Factory quote questions to send

  1. What exact fabric composition, weave, nominal weight, GSM equivalent, finish, and color are included in this quote? What tolerance do you apply to GSM and finished measurements?
  2. Is the quoted material true cotton canvas, cotton sheeting, recycled cotton canvas, organic cotton canvas, or a cotton-poly blend? Can you send a labeled swatch before sample approval?
  3. Is fabric weight measured before or after dyeing, finishing, washing, or calendaring? If the bag is dyed black, will GSM or shrinkage differ from natural canvas?
  4. What finished dimensions are you quoting for width, height, side gusset, bottom gusset, handle width, and handle drop? Please confirm your measuring method with a simple drawing.
  5. What dimensional tolerance do you recommend for this construction, and can you hold separate tolerances for body size, gusset, handle drop, and print placement?
  6. How are the handles constructed and attached: self-fabric, cotton webbing, inserted under top hem, box stitch, cross stitch, bartack, or another method? What thread and stitch density do you use?
  7. What maximum practical load do you recommend for this bag construction?
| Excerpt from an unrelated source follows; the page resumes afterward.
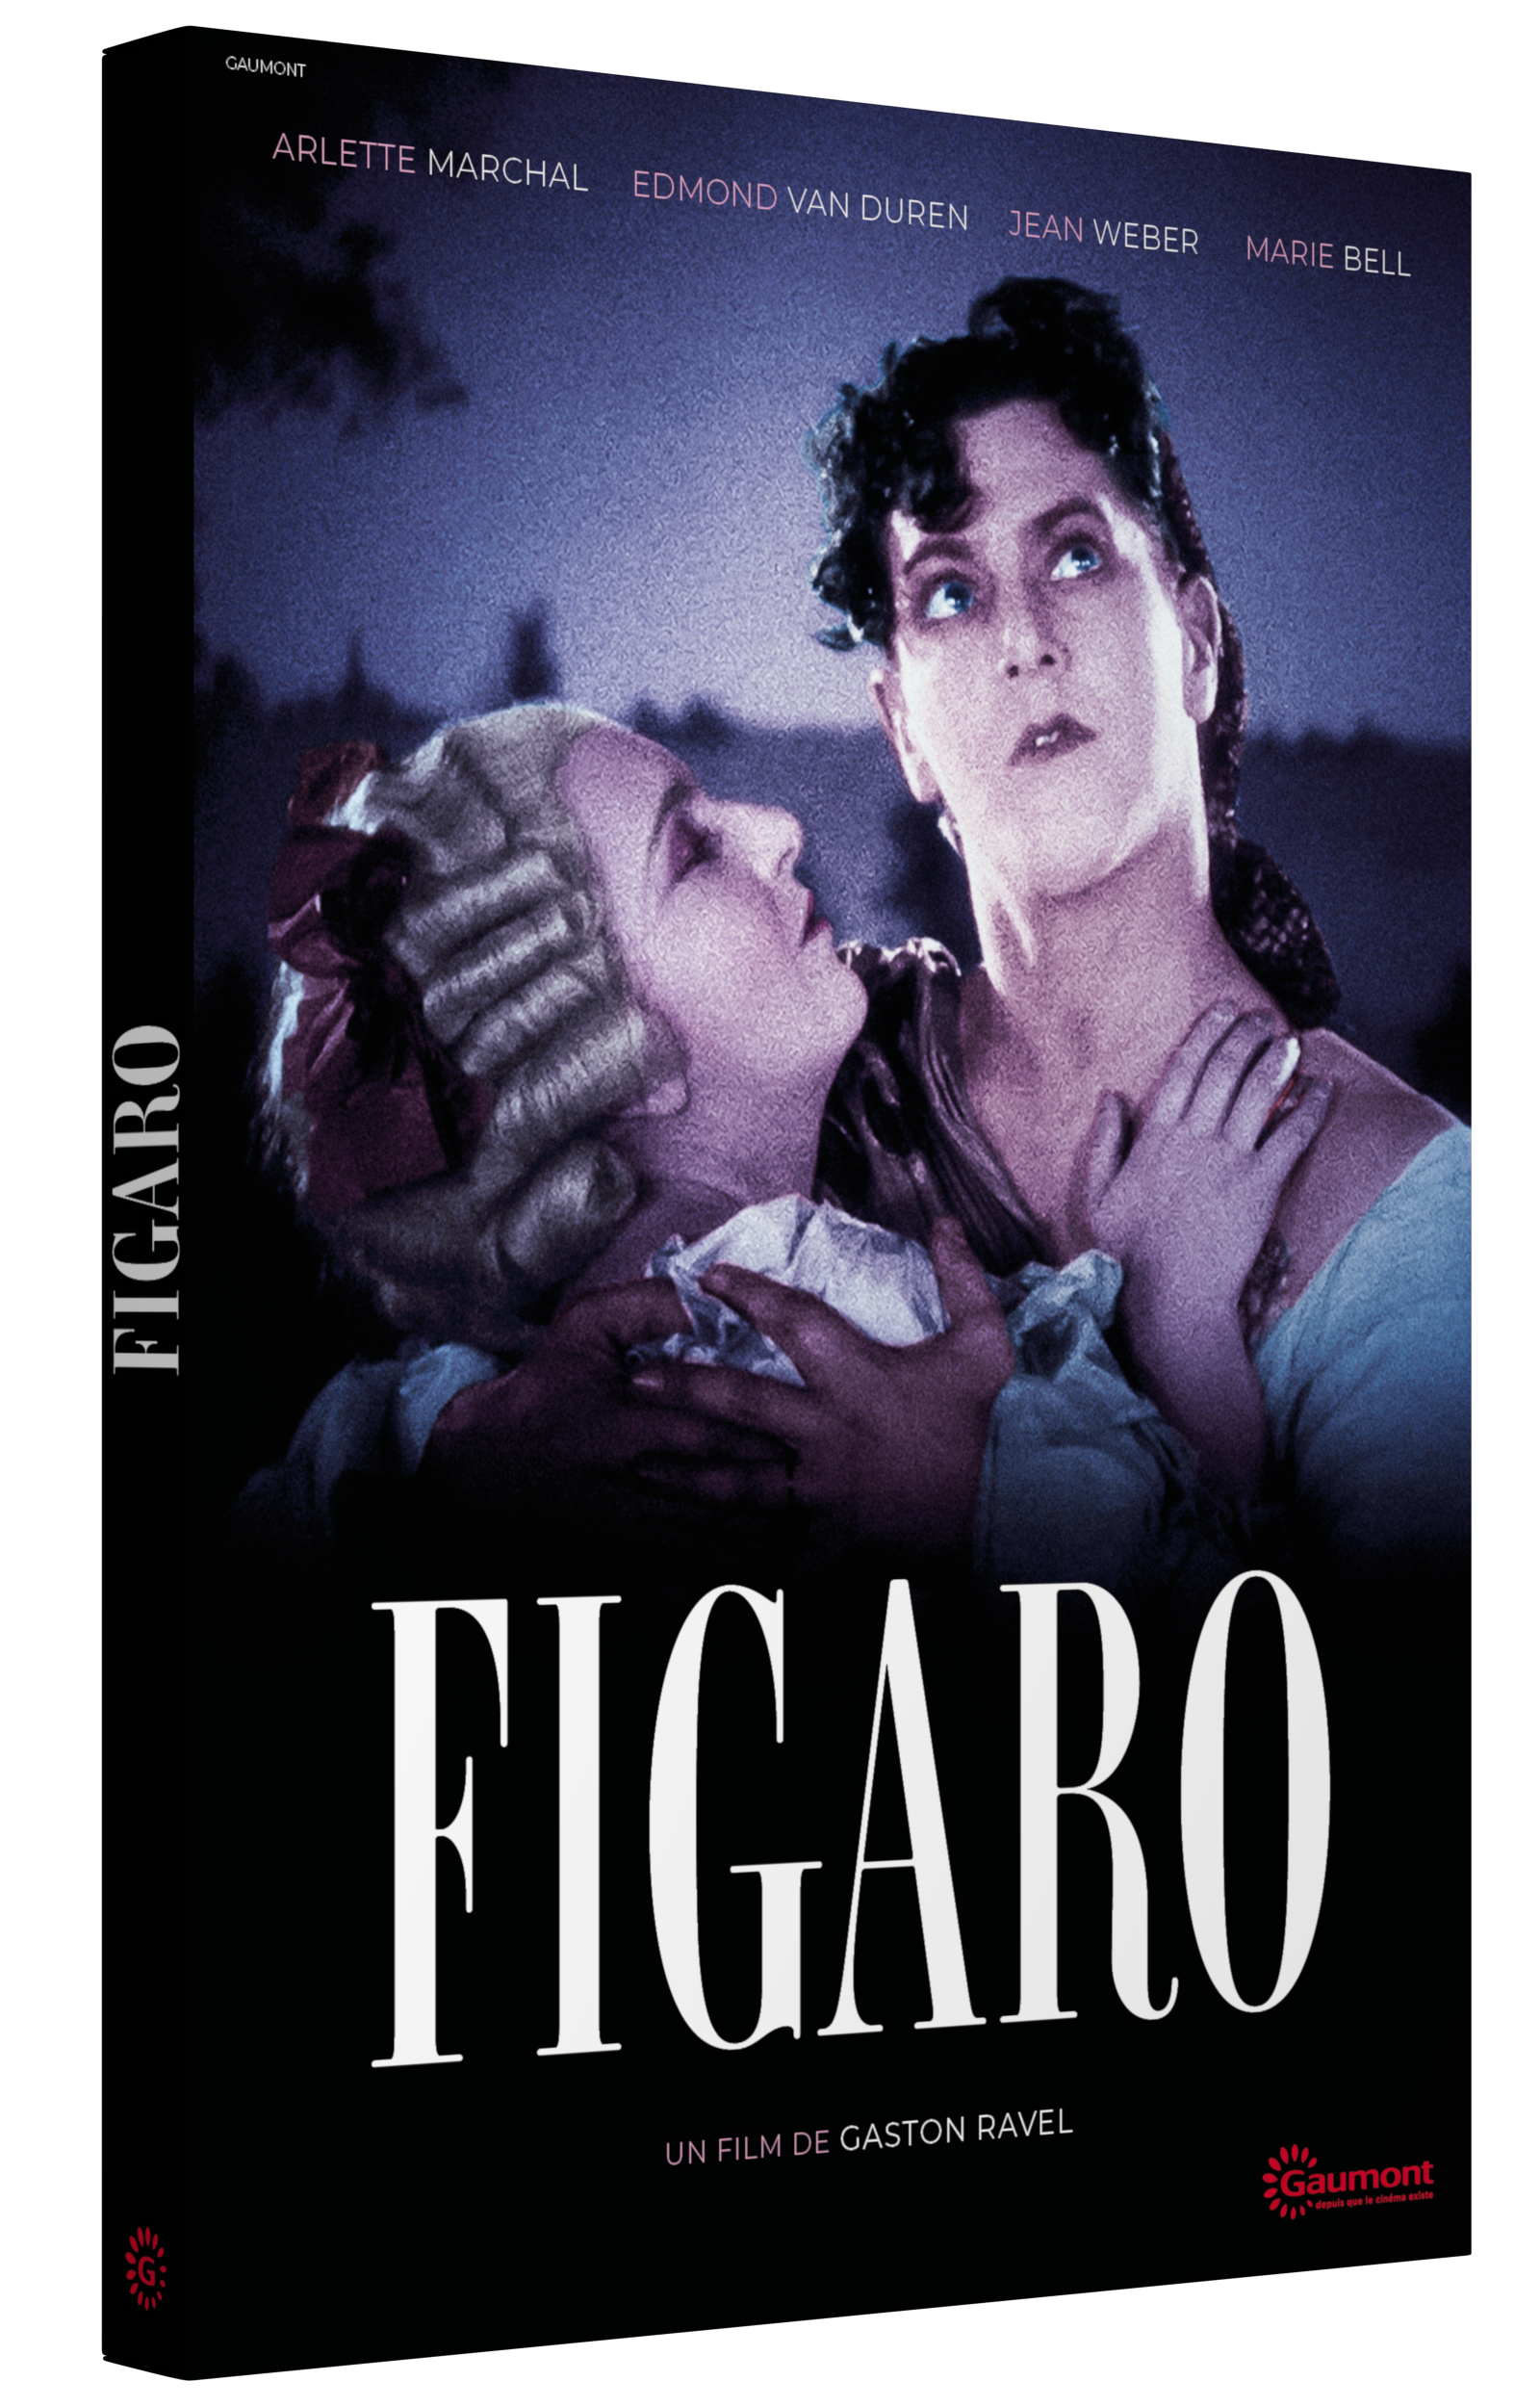 FIGARO - GC  DVD

Do you perform an internal static load or handle pull check, and if so what method and acceptance criteria are used?
  8. Which print method is included in the quoted unit price? How many colors, print positions, and maximum print area are included before extra charges apply?
  9. For light ink on black or dark canvas, will you use underbase, double pass, higher-opacity ink, or another method? Will this change cost, production time, wash resistance, or hand feel?
  10. Can you provide a physical print strike-off on actual production fabric before the pre-production sample? Is the strike-off charged separately, and how many revisions are included?

Quality-control points to confirm

  1. Fabric weight should be checked against the approved specification within the agreed tolerance; random roll checks or panel checks should not fall below the minimum usable GSM accepted in the PO.
  2. Fabric composition, weave, color, finish, and hand feel should match the approved swatch; do not approve bulk based only on a supplier's internal material code.
  3. Finished dimensions should be measured using the agreed method, with separate tolerances for width, height, side gusset, bottom gusset, handle width, and handle drop.
  4. Gusset construction should open evenly, with no twisted side seams, shallow usable gusset, inconsistent boxed corners, or excessive puckering at the bottom.
  5. Handle attachment should match the approved sample: same handle material, width, drop, stitch pattern, reinforcement size, thread color, and top-hem insertion depth if applicable.
  6. Handle strength should be checked with a practical load or pull method agreed before production; inspect for skipped stitches, broken thread, weak bartacks, short stitch boxes, and uneven handle lengths.
  7. Seams should be checked for open seams, loose threads, raw-edge fray, inconsistent seam allowance, needle damage, seam slippage, and internal thread tails in unlined bags.
  8. Print color, opacity, curing, and hand feel should be compared against the approved strike-off under agreed lighting; light ink on black canvas needs extra attention for show-through and uneven coverage.
  9. Print placement should be measured from fixed points such as top edge, side seam, or centerline; visual centering alone is not enough on gusseted bags.
  10. Print defects should be rejected or sorted according to agreed limits: pinholes, feathering, ink bleeding, misregistration, smudges, scuffs, ghosting, poor edge sharpness, and ink transfer.